With this in mind, this got us thinking, what if Tradesmen could access a website whereby they could rate their customers? This idea is currently implemented with popular online transportation company – Uber. Whilst passengers can rate their drivers based on a number of different metrics, the drivers can also rate their passengers. The passenger ratings are hidden on Uber, but the drivers can access them and use them to ascertain whether they are about to pick up their dream customer, or their worst nightmare.






Now imagine if this concept was applied to Tradesmen. Tradesmen could simply look up a customer and make a decision on whether to work for them based on the reviews made from those that have worked for them in the past. It could be an internal system, only accessible by Tradesmen who could share their thoughts and experiences and even rate customers based on different categories such as friendliness, hospitality and payment promptness.


Let’s say for instance that a customer is really poor at paying and they take weeks to pay (or sometimes not at all), a tradesman could steer clear and let others know to do the same. Or perhaps a customer is extremely awkward and rude and they play on the fact they can act in this way, because in a matter of minutes they could take to a review site and leave a stinker of a review telling others to steer clear. These sorts of reviews can destroy business reputations overnight. Tradesmen all over the country may be putting up with customers that exert this sort of behaviour simply because they don’t want to be put in a negative light.

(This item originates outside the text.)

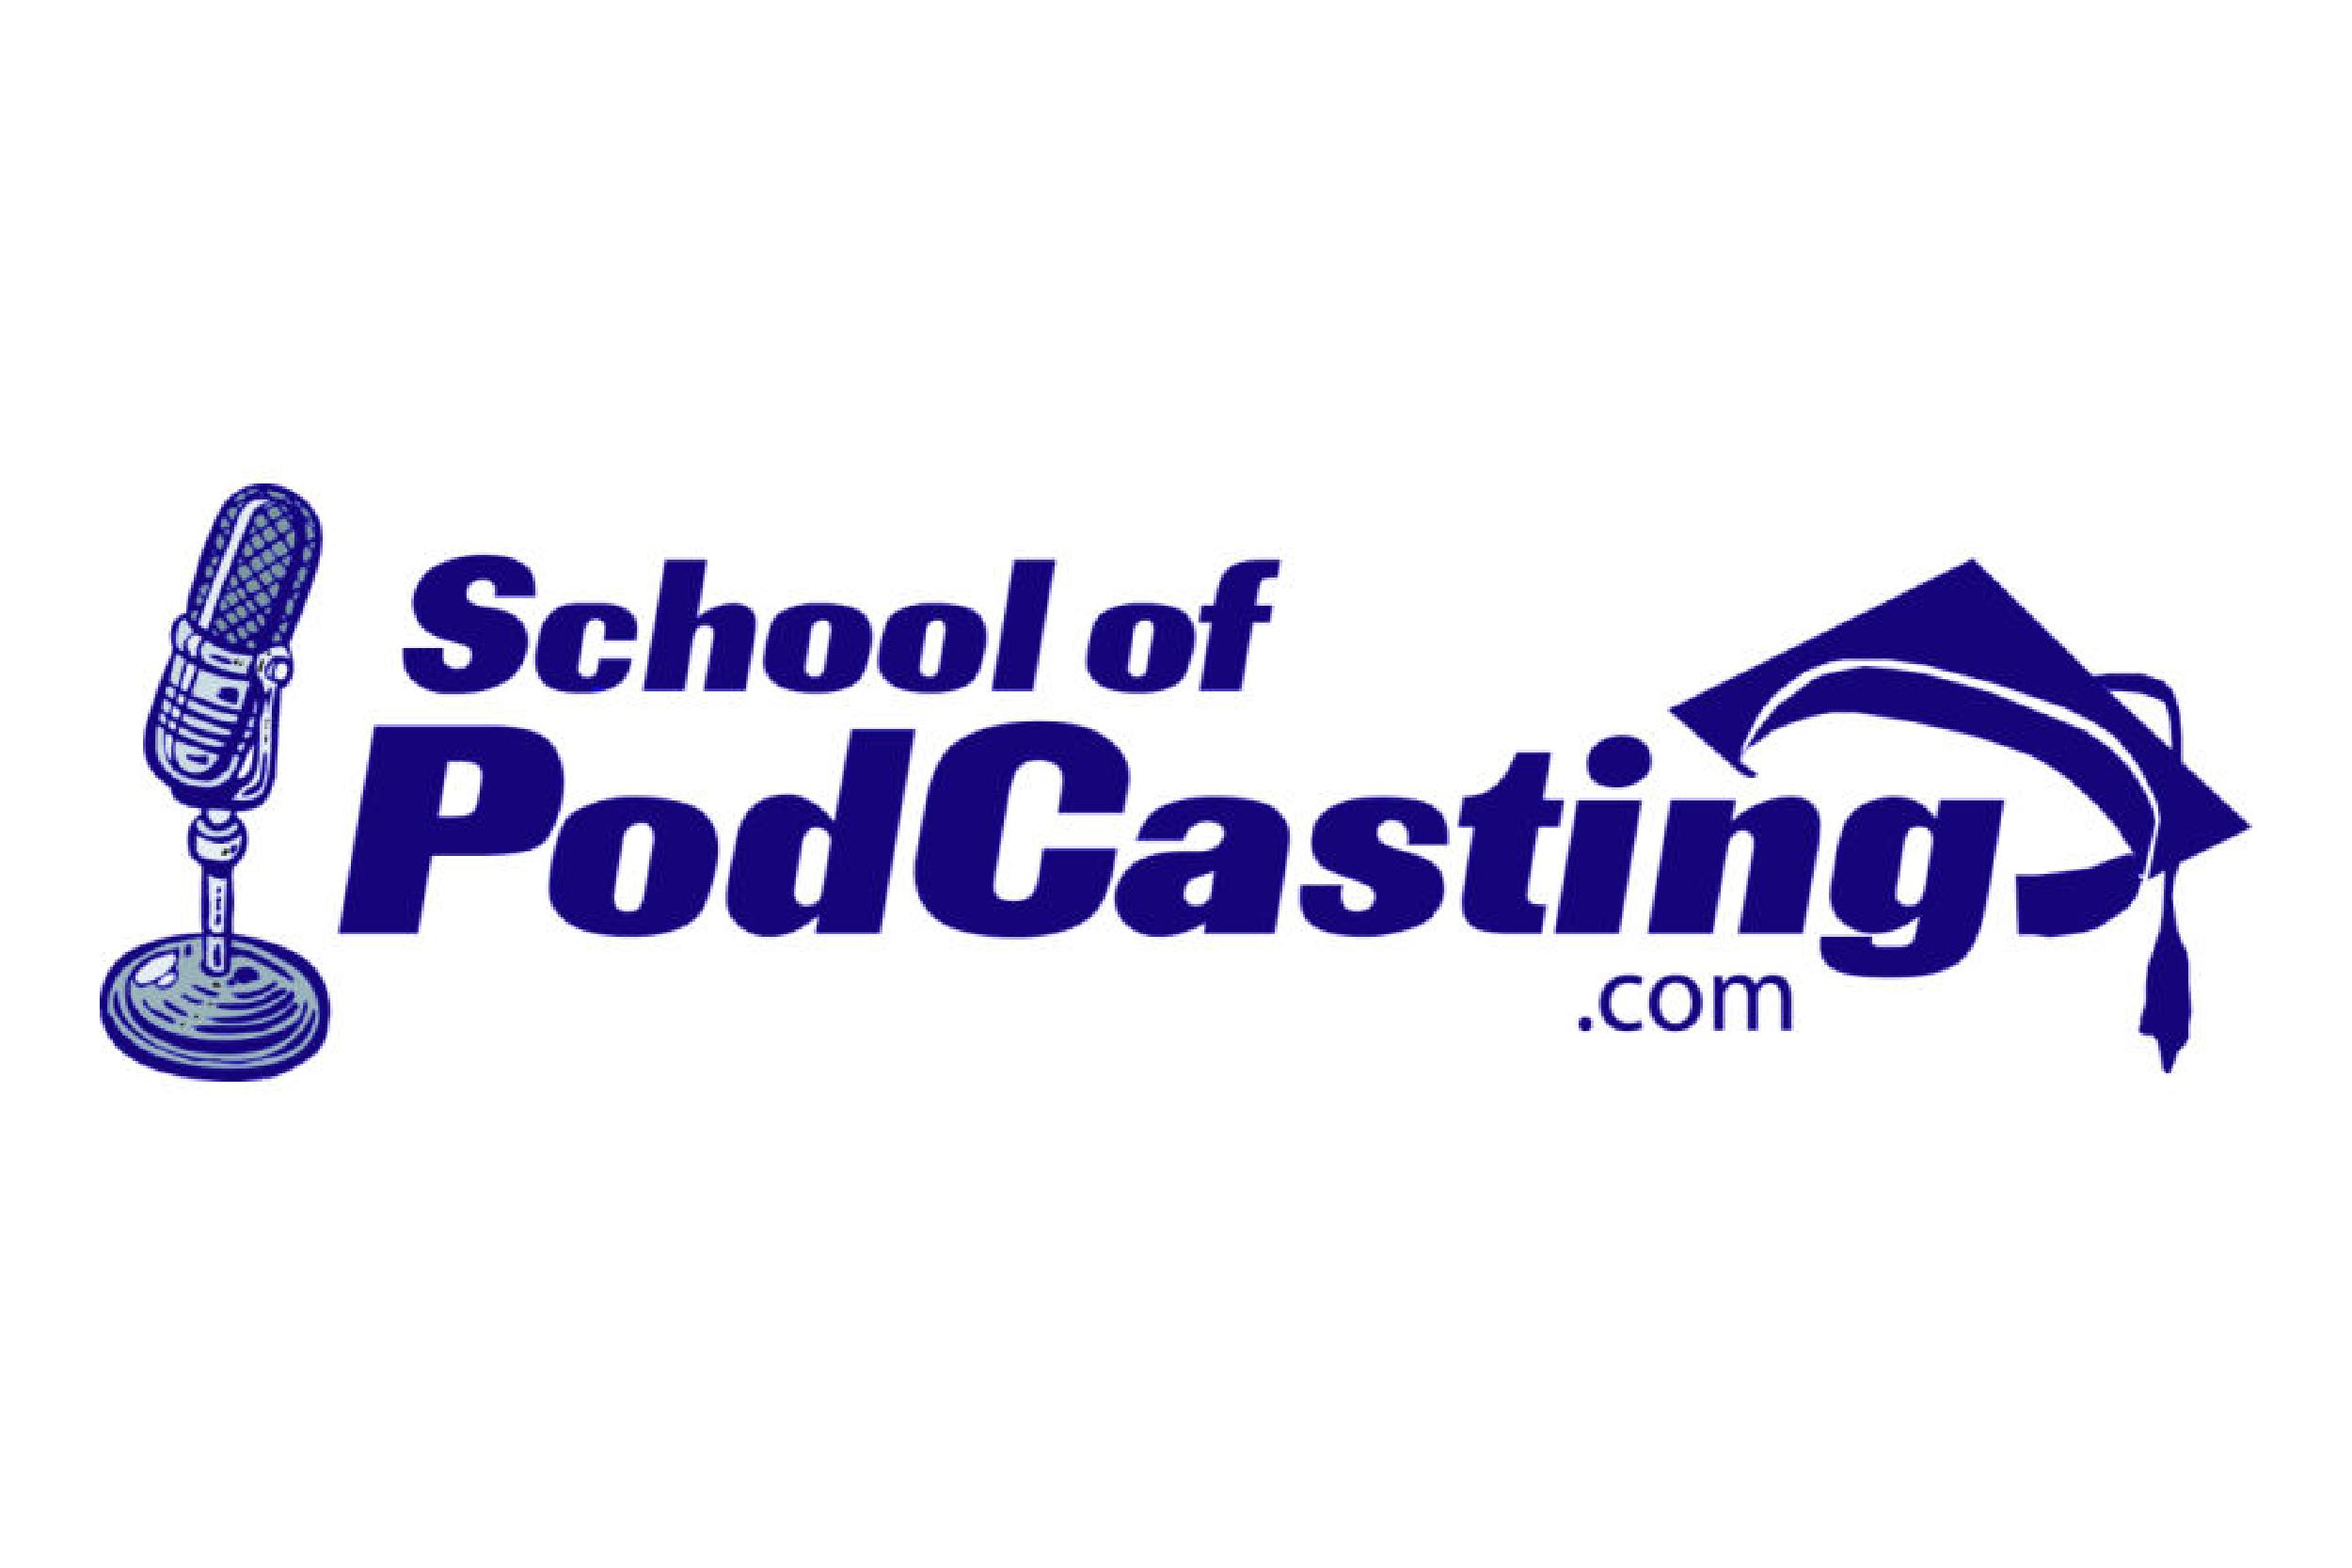 SchoolofPodCasting.com

When Tradesmen Don’t Want to Share


If you have an idyllic customer, would you want to broadcast that to other people in the same field? That’s your customer; you don’t want to lose them. So instead, you decide to keep it schtum. This could lead to the internal system becoming a slanging match, full of only negative reviews of customers – all of which are being completely slated.


What’s Good for One Won’t be Good for Another


We’re all different and will have different views and opinions of customers. Someone could leave an awful review about a customer, which in turn could put others off. Yet, it might be that someone just didn’t gel with them or simply that the customer has had a really bad day or received some bad news. The tradesman could review them negatively, when in fact they’re normally very friendly and agreeable. Straight away the system is warped. But then, isn’t this the case for all review sites?